State Auto Financial's CEO Hosts 2012 Annual Stockholders Meeting Conference (Transcript)

State Auto Financial (STFC)

Shareholder Analyst Conference Call

May 4, 2012 10:00 pm ET


Robert P. Restrepo – Chairman and Chief Executive Officer

James A. Yano – Vice President, Secretary and General Counsel

Julie Williams – Personal Lines Sales Specialist


Robert P. Restrepo

Good morning. The 21st Annual Meeting of the Shareholders of State Auto Financial Corporation will now come to order. My name is Bob Restrepo, Chairman and CEO and President of State Auto Financial Corporation. And I would like to welcome all our shareholders, employees, agents and other guests as well as those joining us on the World Wide Web. Those of you attending via the internet have the ability to advance the slides we’ll be using today. I will try to pop you periodically, so you can stay with us.

First of all, I’d like to introduce the members of your Board of Directors. I’ll introduce them to you by company and as that you hold your recognition to all our standing. From State Auto Financial Corporation, STFC, we have Bob Baker; Dave D'Antoni; Eileen Mallesch; Tom Markert; David Meuse; Elaine Roberts; Sandy Trevor; and Paul Williams. Thank you for all you do.
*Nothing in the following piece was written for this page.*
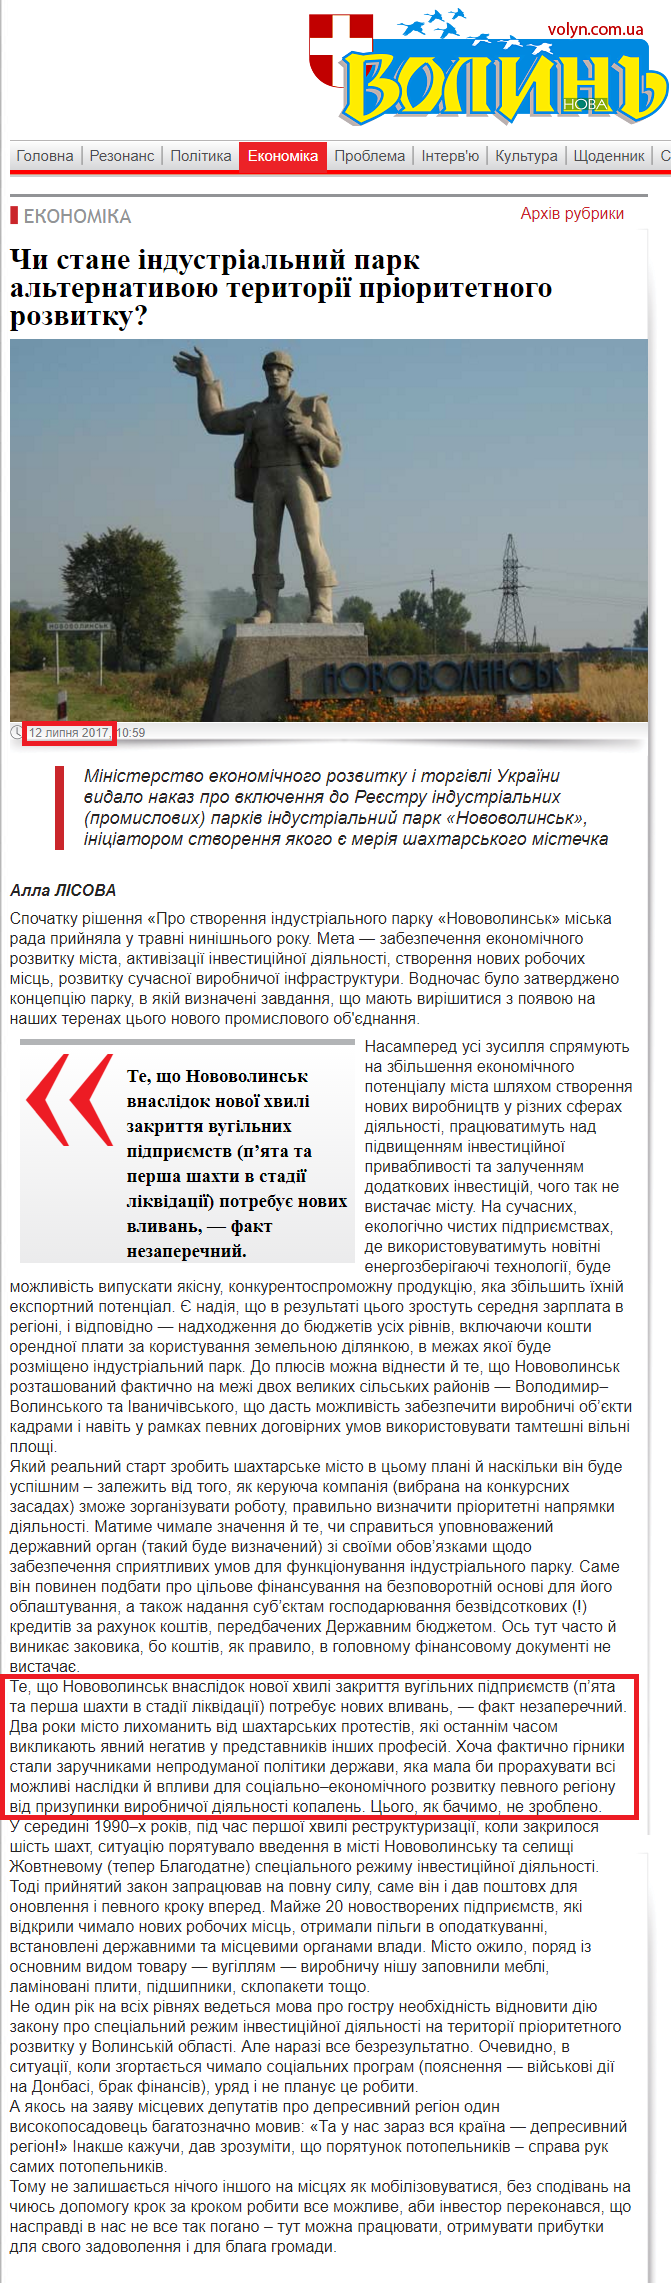 http://volyn.com.ua/news/80911-chi-stane-industrialniy-park-alternativoyu-teritoriyi-prioritetnogo-rozvitku.html

Also joining us from the Board of Directors of State Auto Mutual, are Dennis Blank; Alison Coolbrith; Michael Fiorile; Jim Kunk; Paul Otte; Marsha Ryan; Kenan Schultheis; Ed Simcox; Dwight Smith; and Roger Sugarman. Thank you too for everything. You’re welcome.

The order of business at this morning’s meeting will be as follows. First, we’ll cover the procedural matters required to conduct the meeting. Next, we’ll consider and act upon the matters set forth in the company’s proxy solicitation materials distributed to shareholders in connection with the Annual Meeting. And finally, we’ll present a report on the company’s operations for 2011.

I would like to ask our Secretary and General Counsel, Jay Yano to report on procedural requirements for the meeting.

James A. Yano

Thanks Bob. A complete list of our shareholders of record for State Auto Financial Corporation who are entitled to vote at this meeting, there is a range in the alphabetic order noting the address and number and class of shares held by each sub-shareholder that’s available and subject to inspection, it’s in the hands of Julie William, Win Logan our Inspectors of election are located to my right against the wall over there.

Now we give the notice of the annual meeting of shareholders, a proxy statement and the former proxy was commenced on April 3, 2012, the shareholders of record of STFC, at the close of business on March 9, 2012. I received an after date of the mailing from Broadridge Financial Solutions confirming the fact.

As I stated before the directors have appointed, Win Logan of the company and [Julie], with the law firm at Baker Hostetler as our inspectors of election. They are responsible for the following.

Determining the number of shares outstanding, the voting rates with respect to each such share, the number of shares represented at the meeting, the existence of a quorum, and the authenticity, validity and effect of any proxies that have been delivered. They will receive votes, ballots, consents and waivers, in hear and determine all the challenges and questions arising in connection with the vote. They count and tabulate all votes, consents, waivers and releases, they determine to announce the results and do such other acts are proper to conduct the election and vote with fairness to all shareholders.

I will receive the report from Julie and Win which states that the inspectors have determined that as of March 9, 2012 the record date for this meeting, that the company has issued and has outstanding 40,376,941 common shares of which 39,114,835 shares or 96.87% of the outstanding common shares are represented at this meeting in person and by proxy. Accordingly, I declare whether a quorum is present to conduct business at this meeting.

Robert P. Restrepo

Thank you, Jay. This morning, we’ll be voting by ballot on the matters described in detail on the proxy statement. Proxies will vote in accordance with instructions on the proxy forms. All shareholders should file the proxy forms with the inspectors of election to facilitate the tabulation of votes, unless they wish to vote separately by ballot.

The first order of business is the election of the directors of the company, we’ll be voting on the election of three, Class III Directors. I’ll now direct the meeting. I’ll now declare the meeting open to receive nominations. I will ask Jay Yano to present the formal resolution nominating the individuals recommended for the Nominating and Governance Committee of the company’s Board of Directors.

James A. Yano

Result, that the following individuals are hereby nominated for the elections Class III Directors of the company, each to hold office for a three year term and until a successor is elected and qualified. Eileen A. Mallesch, Robert P. Restrepo Jr., and Paul S. Williams.

Robert P. Restrepo

Are there any other nominations people would like to propose? Saying and hearing none, I declare the nomination is closed and the poll is open for voting. Ms. Woolley will provide you with a ballot, if you wish to vote in person, however any shareholder who has already voted by a proxy need not to vote again, need not vote again. Is there anyone who has not voted, or wishes to ballot? I hereby declare the poll closed, will the inspectors of election please announce our results.